**WHAT THE TASK REQUIRES:**
Every line of the listing below should be written out exactly, minus its images.

**PROVIDED MATERIAL:**

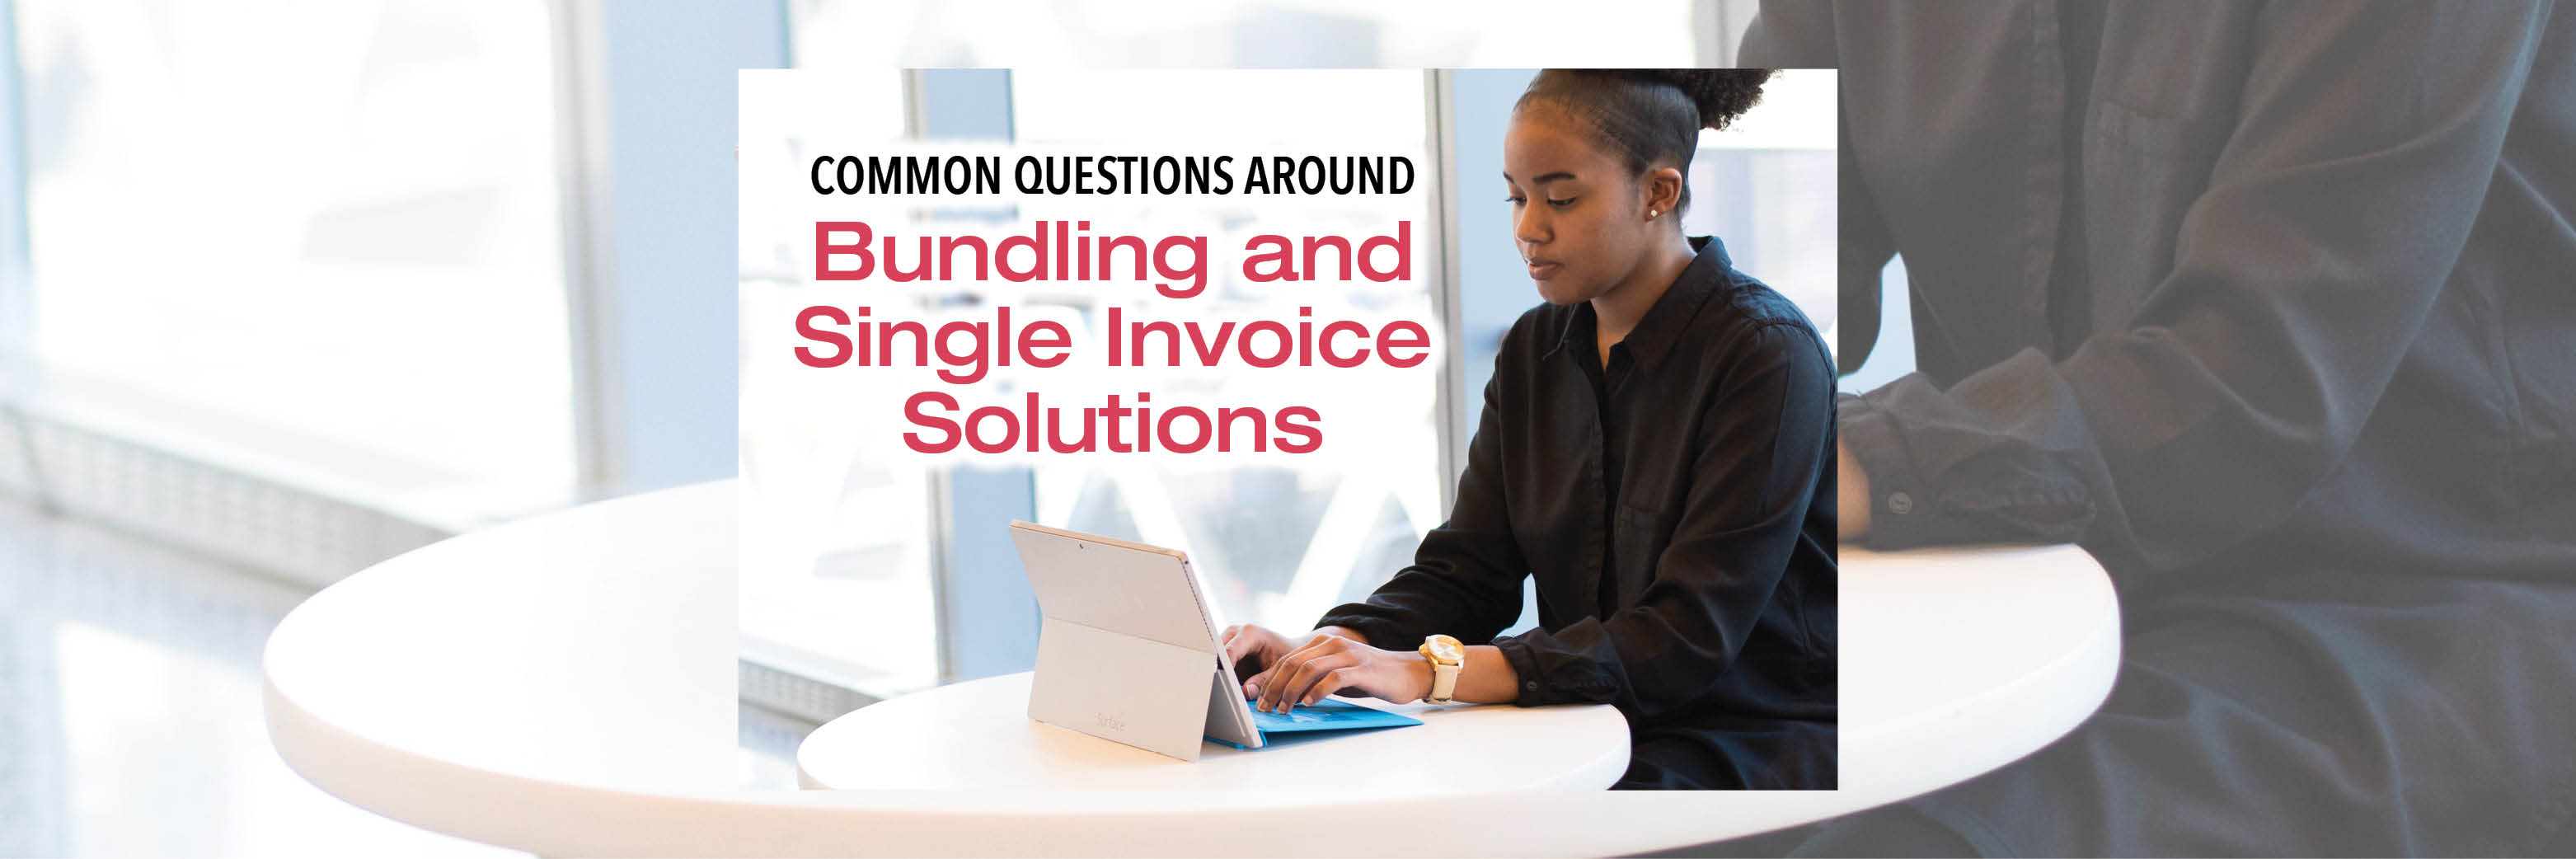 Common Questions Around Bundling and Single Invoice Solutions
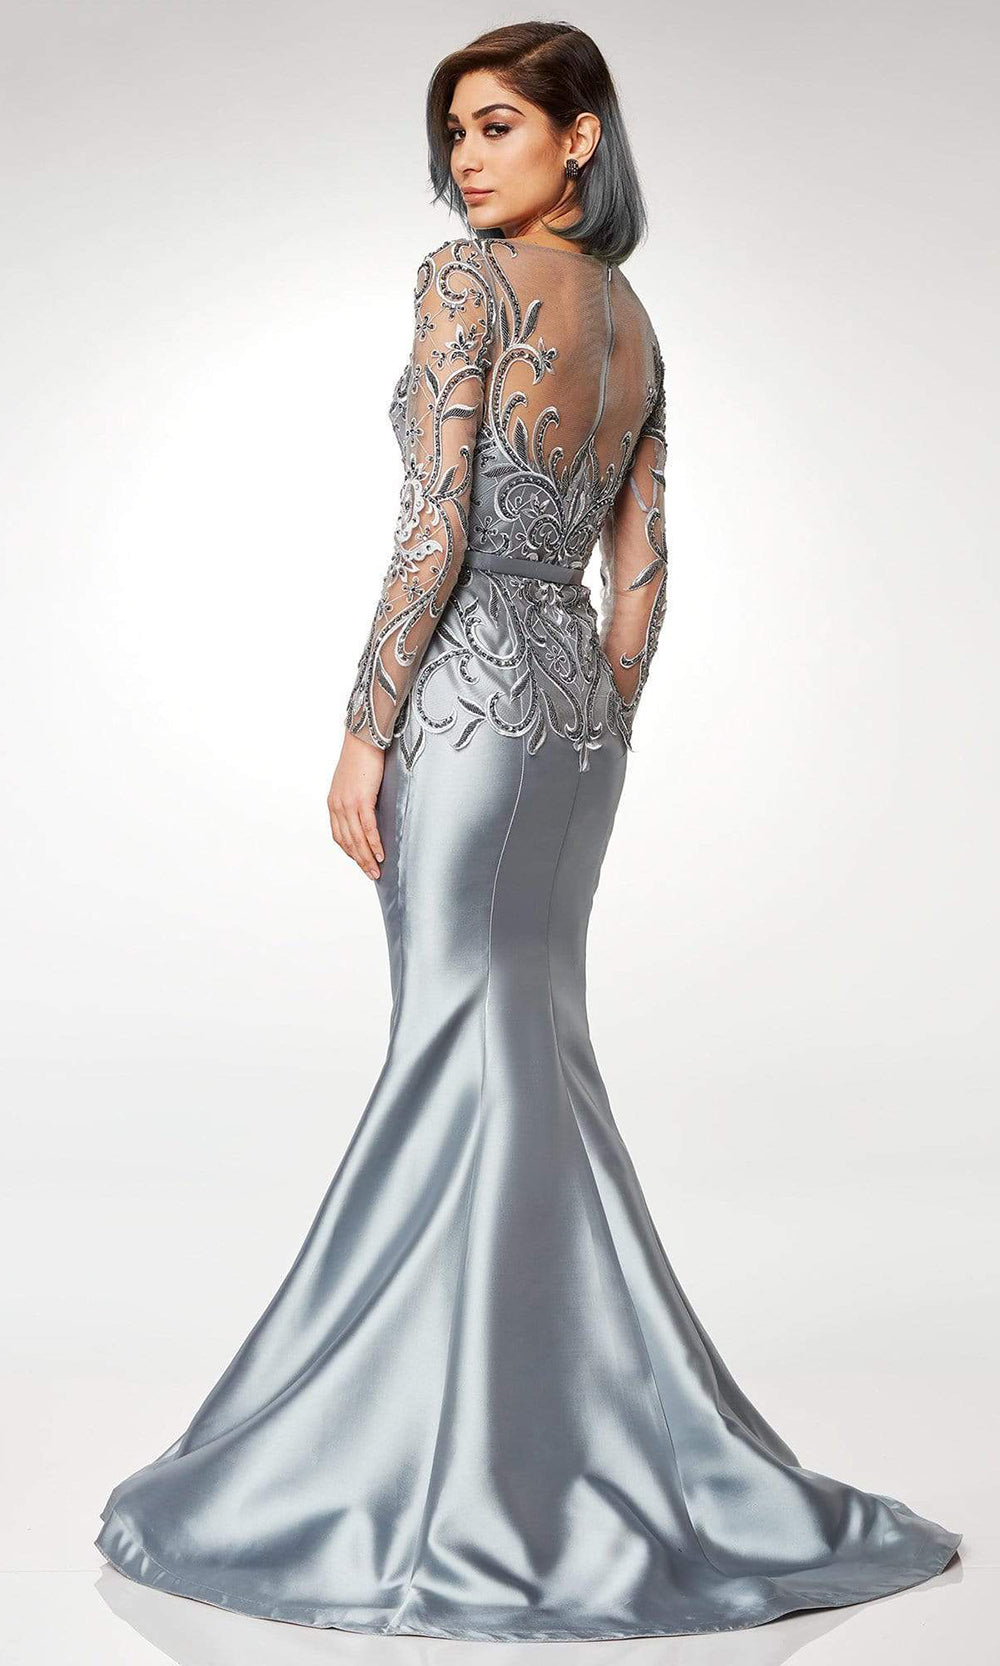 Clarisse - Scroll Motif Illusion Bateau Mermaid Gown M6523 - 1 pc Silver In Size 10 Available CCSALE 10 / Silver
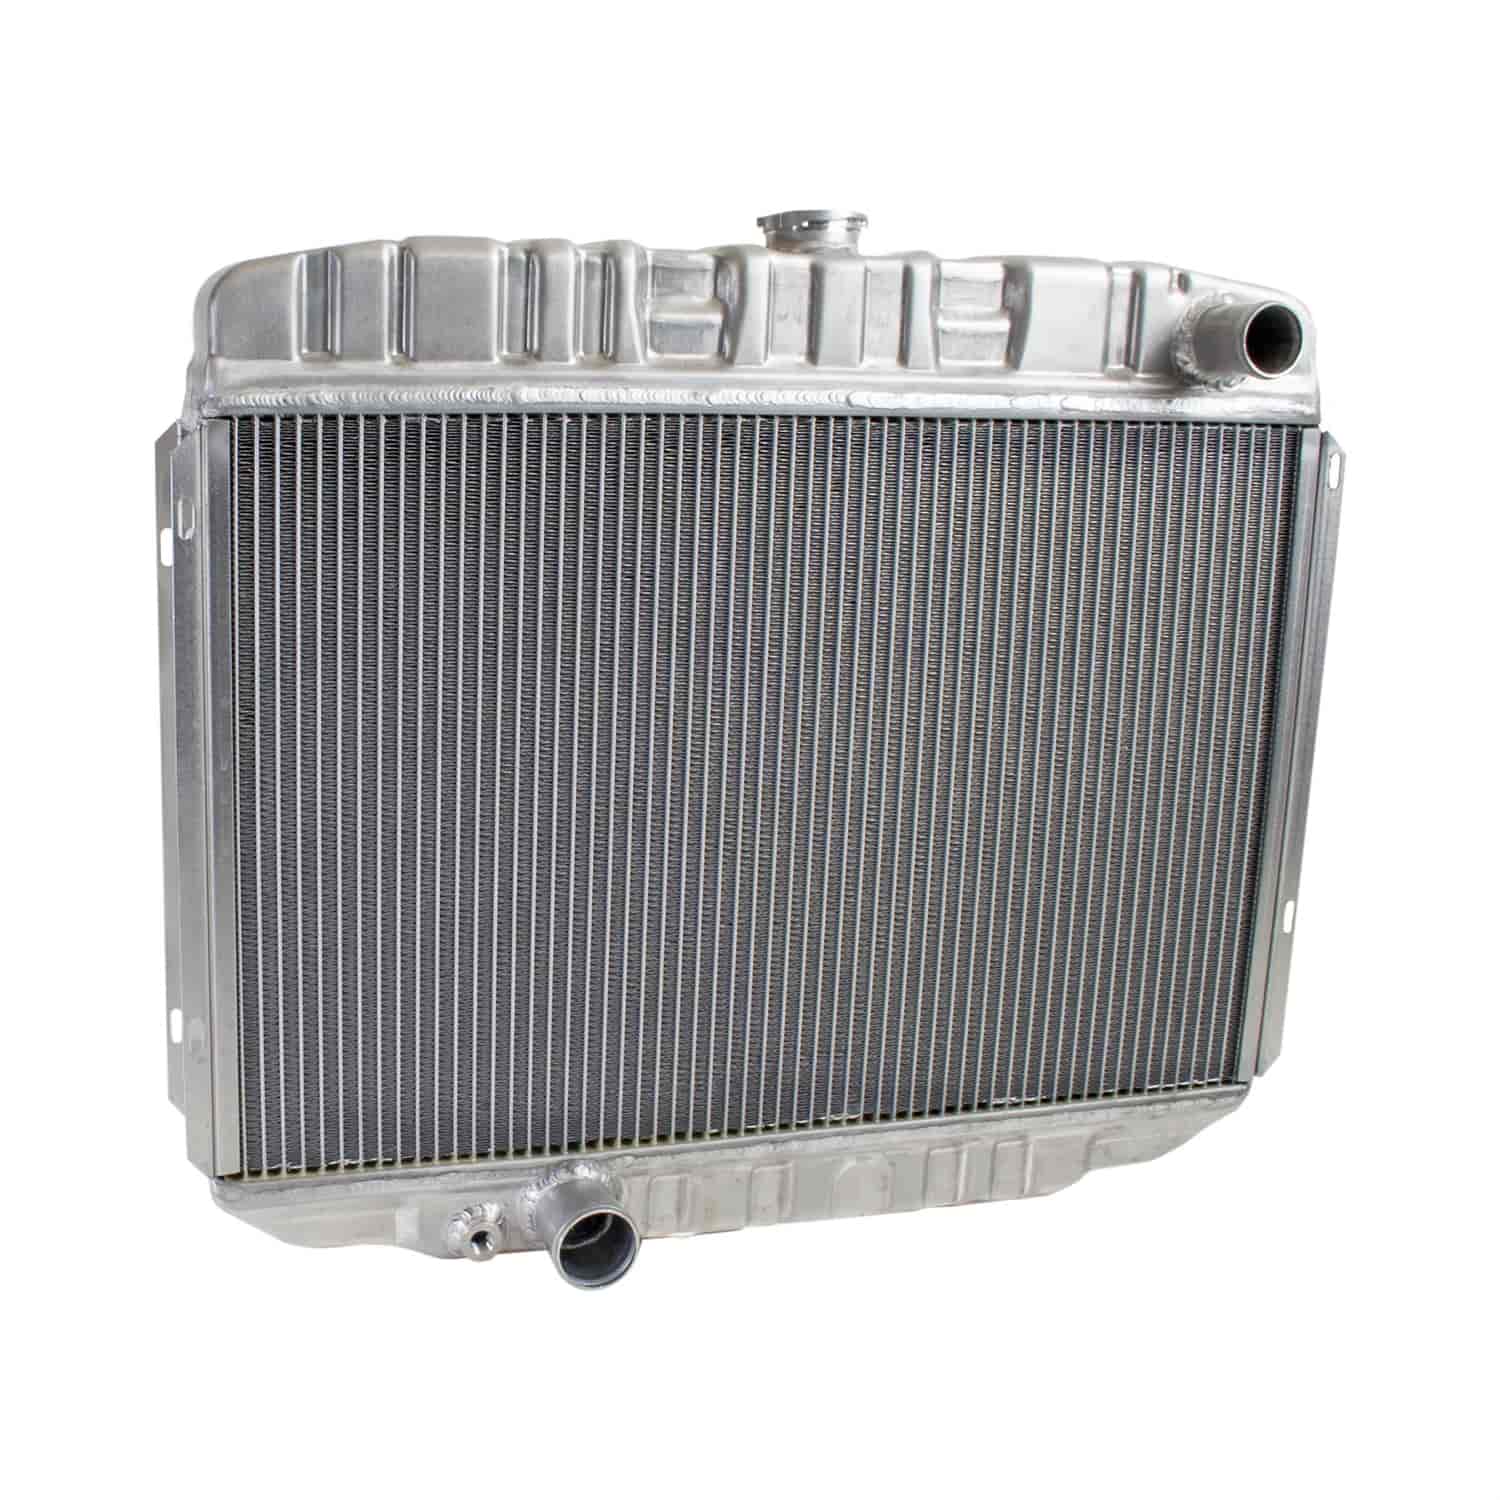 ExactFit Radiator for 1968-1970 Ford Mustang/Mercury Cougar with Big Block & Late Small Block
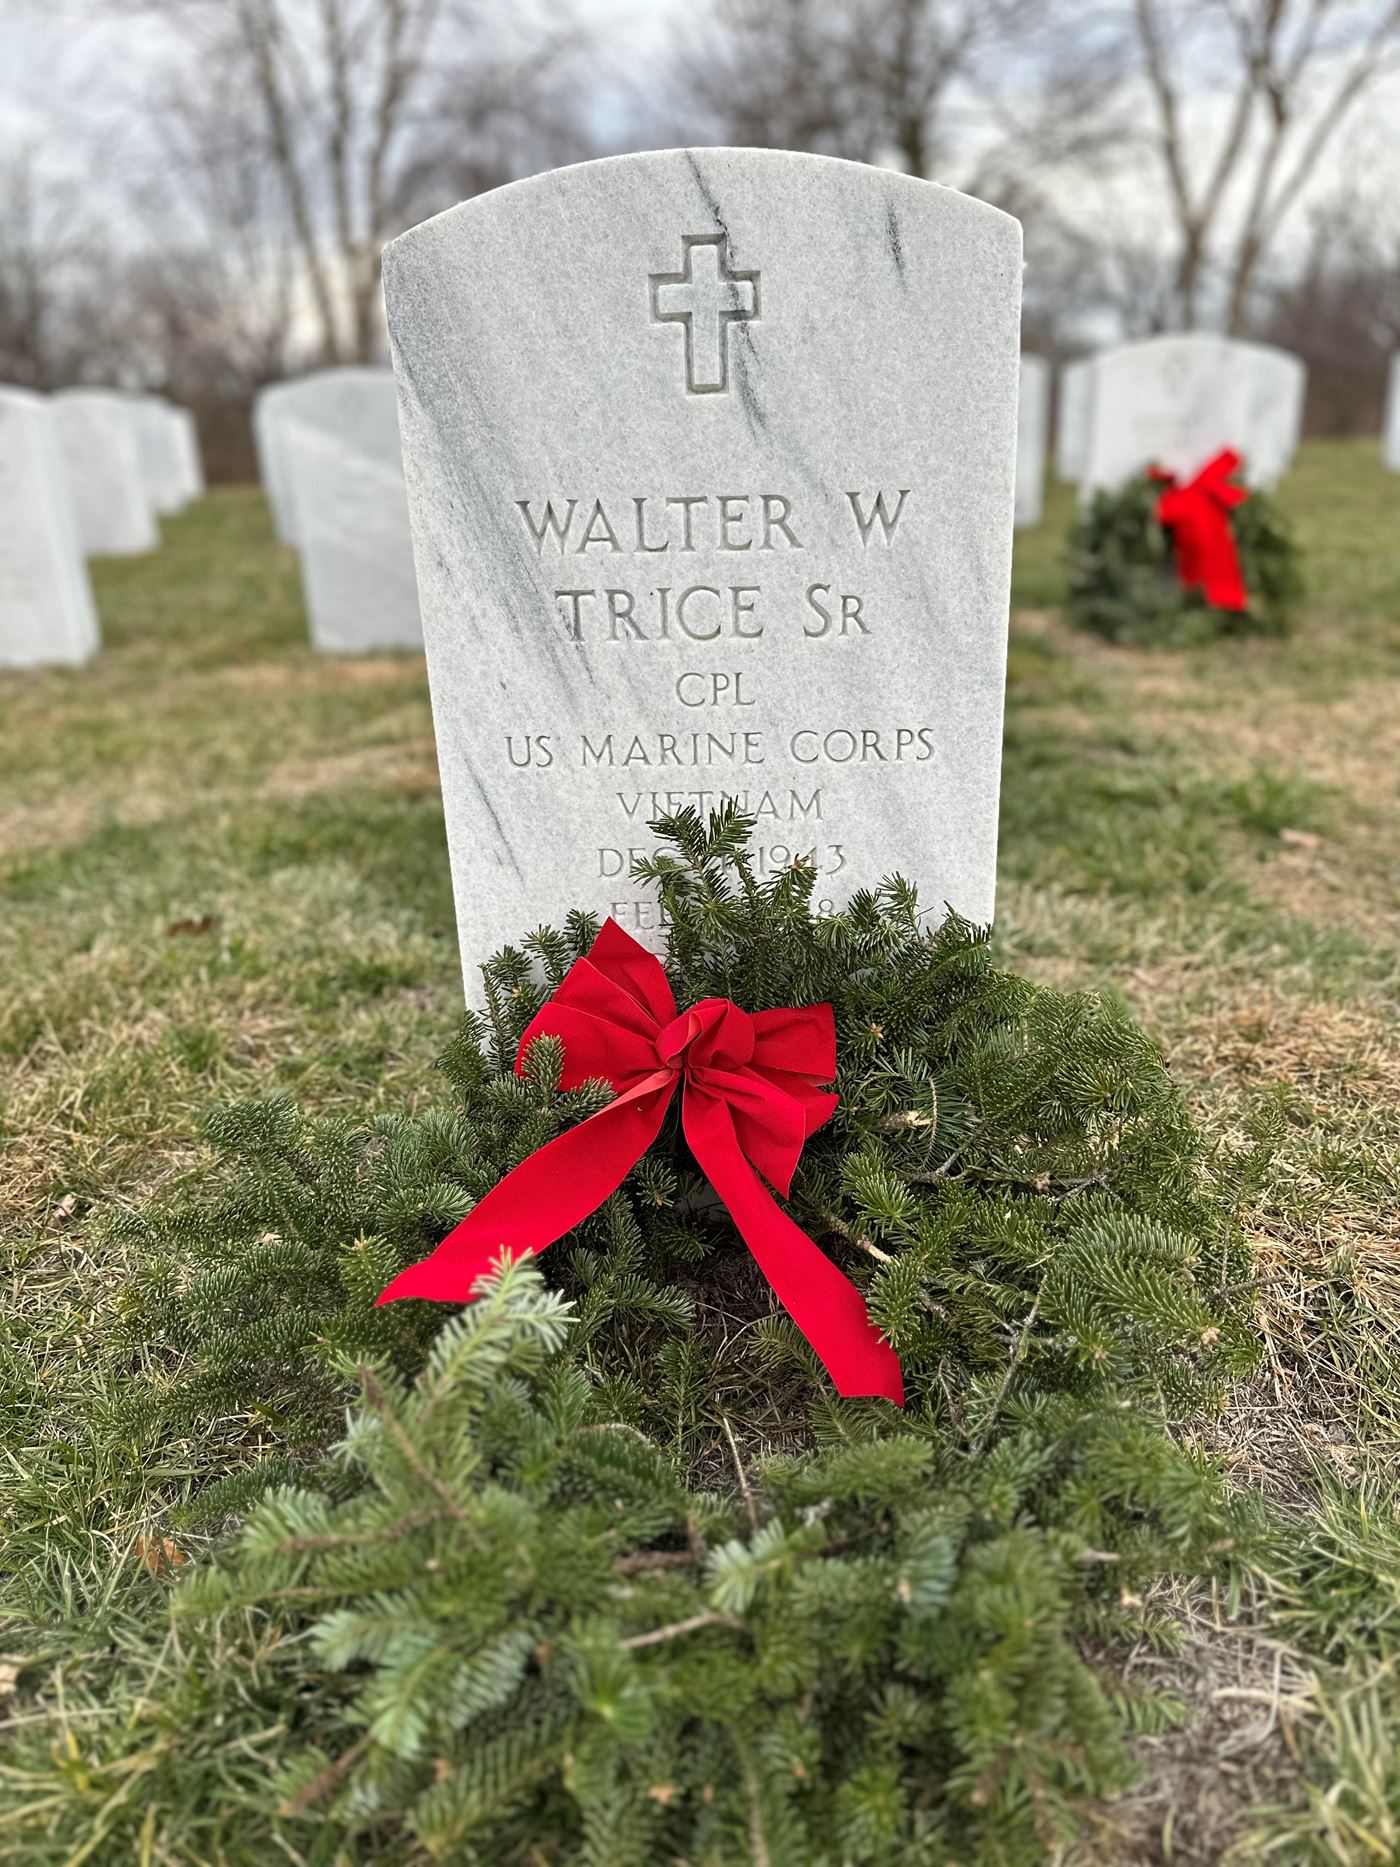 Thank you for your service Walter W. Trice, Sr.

**TASK OUTPUT:**
 Common Questions Around Bundling and Single Invoice Solutions
 Clarisse - Scroll Motif Illusion Bateau Mermaid Gown M6523 - 1 pc Silver In Size 10 Available CCSALE 10 / Silver
 ExactFit Radiator for 1968-1970 Ford Mustang/Mercury Cougar with Big Block & Late Small Block
 Thank you for your service Walter W. Trice, Sr.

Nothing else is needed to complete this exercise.